When It Comes to Protecting Kids' Privacy, Call Us the Energizer Bunny
We just won't quit when it comes to protecting kids' online privacy, but we're almost at the finish line.
For 14 years, Common Sense Media has been trying to get Congress to update the one federal law that protects children's privacy online: the Children's Online Privacy Protection Act (COPPA). We have fought to extend COPPA's protections to teenagers, since it only covers kids under age 13 today, and to ban targeted advertising that pushes unwanted products on kids. Congress has been a tough place to pass anything when it comes to kids and tech.
Our privacy advocacy began during the rise of the smartphone and mobile technology. And it has continued into a new age of biometrics, virtual reality, and the rise of AI. Children are living in a world of constantly increasing surveillance and data collection, and the stakes could not be higher.
We have been working alongside champions like Senator Ed Markey (D-MA), who passed COPPA into law in 1998 and introduced his first effort to update it, called the Do Not Track Kids Act, in 2011. He reintroduced it, or a version of it, every two years, and we supported him every time. It was lonely work. You can see our 2012 call to action, our 2013 blog post, and our 2019 call to action. We filed comments with the executive branch (2014 NTIA comments) asking for privacy for teens and more protections against targeted advertising. And we've filed many comments since then. We testified before Congress twice (2021 testimony one and two), always asking for updates to this foundational law. In the interim, while Congress did nothing, we turned to the states—playing the lead role in taking ideas from COPPA updates and getting them turned into laws such as California's Eraser Button (2013), the California Consumer Privacy Act (CCPA) of 2018, the Maryland Online Data Privacy Act (2024), and the New York Child Data Protection Act (2024).

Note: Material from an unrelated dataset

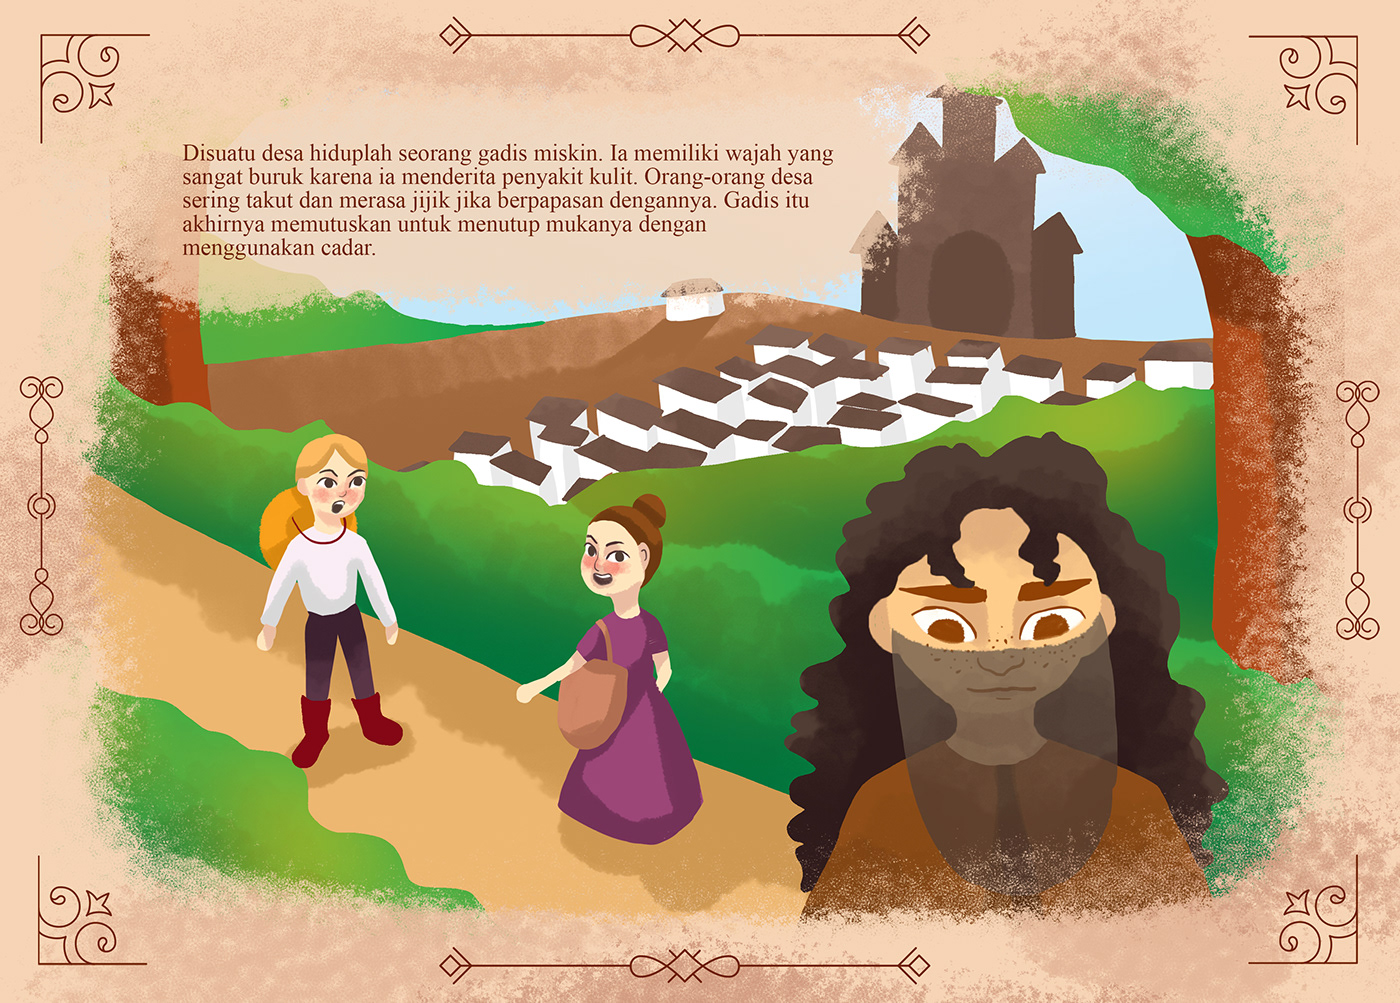 chararter design children design fairytale Folklore ILLUSTRATION  illustration book story
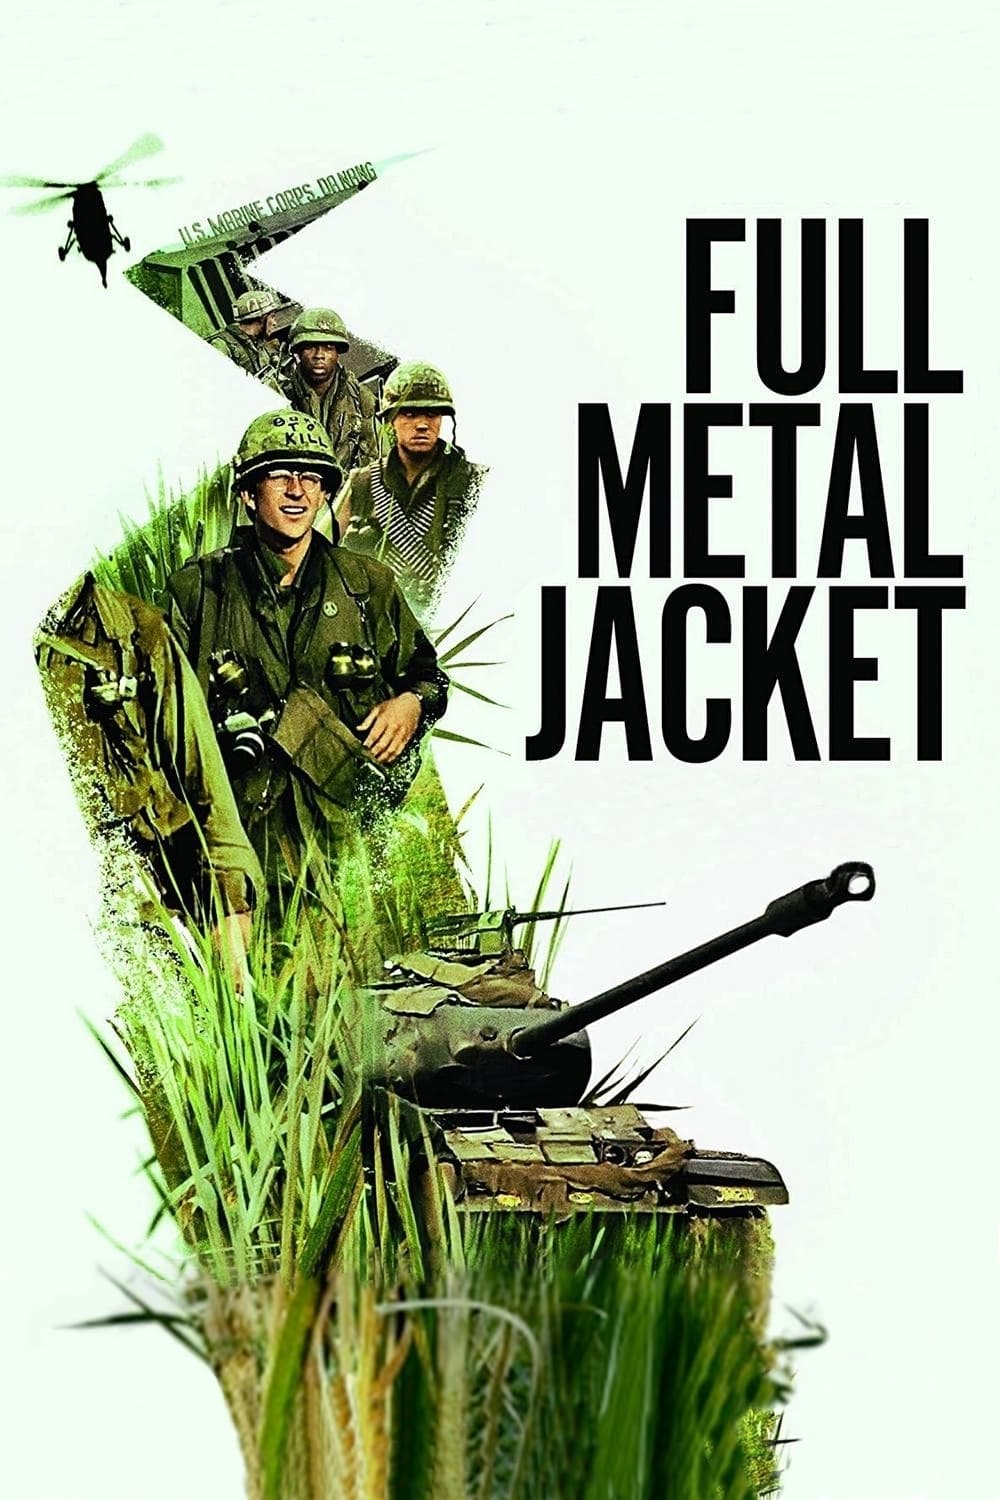 دانلود فیلم Full Metal Jacket 1987 با دوبله فارسی

Ever since we started to advocate for children's privacy, concerns about this issue have grown across almost every corner of the country. Sen. Markey has co-authored his COPPA update bills with Republicans every time, including Sen. Cassidy (R-LA) this year. And he has worked in both the House and the Senate on the same issues. In 2022, the bill passed a key committee, the Senate Commerce Committee, but then nothing else happened.
Until now.
In 2010, we called COPPA "woefully out of date." On July 30, 2024, the U.S. Senate finally approved COPPA 2.0 as part of a larger bill that also addresses one of our other top priorities, social media health and safety for kids and teens. Congress is now the closest it has been in 25 years to finally updating privacy laws for kids. The next step is to get the U.S. House of Representatives to agree with what the Senate did this summer. We haven't rested over the past 14 years—and we won't until this job is done.
This story is a lesson in how hard it can be to get Congress to do the right thing. It's also a testament to our commitment to sticking with our mission to ensure a healthier digital world for all kids. The wait has been long and hard, and Congress's refusal to act has been inexcusable. But we are confident that the wait and the work will be worth it.